As a reminder, API Checks can be used to monitor both availability and responsiveness. So, API Check use cases should match the terms of SLAs. For instance, if the SLA is based only on availability, the check configuration should reflect that. This can be done by configuring a check to simply hit the end point and then rely on the Uptime %. If the agreement is based on how quickly an API returns data, then we can build a multi-step check that pulls data from the API and then compare the Average Response Time to our agreed standards.
In the above example, we can see a multi-step API Check on the Mapping Provider’s API that confirms that data falls in an expected range and tracks the availability of these requests.
Gaps in API performance don’t only impact user experience, but also disrupt workflows, hurt brand reputation, and can lead to significant revenue loss. SLAs seek to provide accountability and incentivize ensuring APIs are performing properly.

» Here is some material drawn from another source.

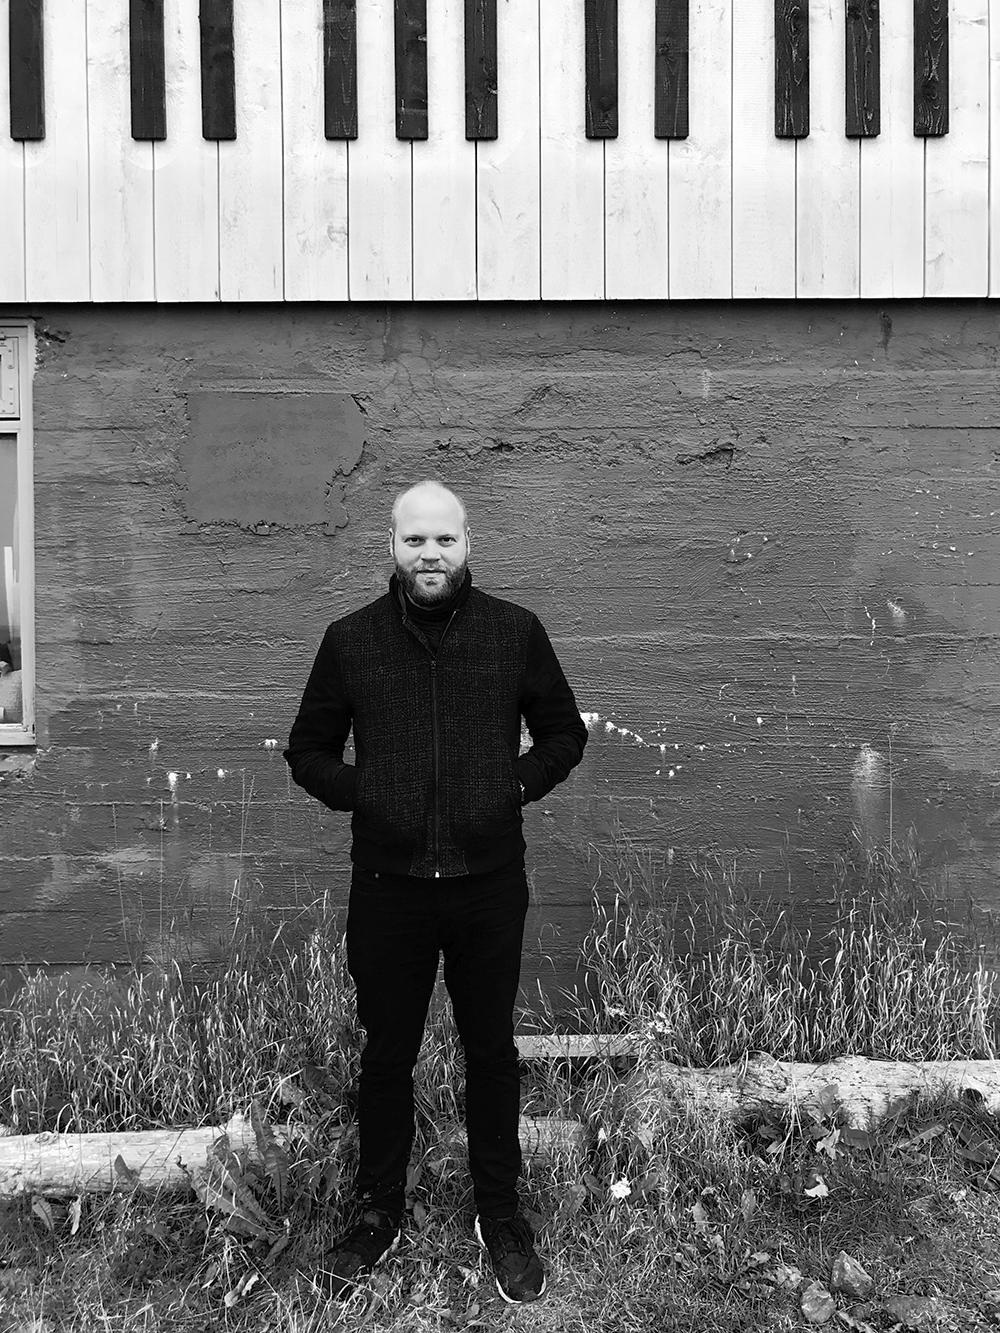 Bjarni-Biering-icelandic-composer.jpg

API Checks can be used by partners on both sides of service license agreements to confirm that the agreement is being met according to the terms. For API owners, proactive monitoring can help you catch issues before they impact your partners and empower you with reporting that’s easy to share with your partners. For API end-users, proactive monitoring can alert you of third-party issues affecting your users and also help offer an extra level of confidence that your partners are upholding their agreement.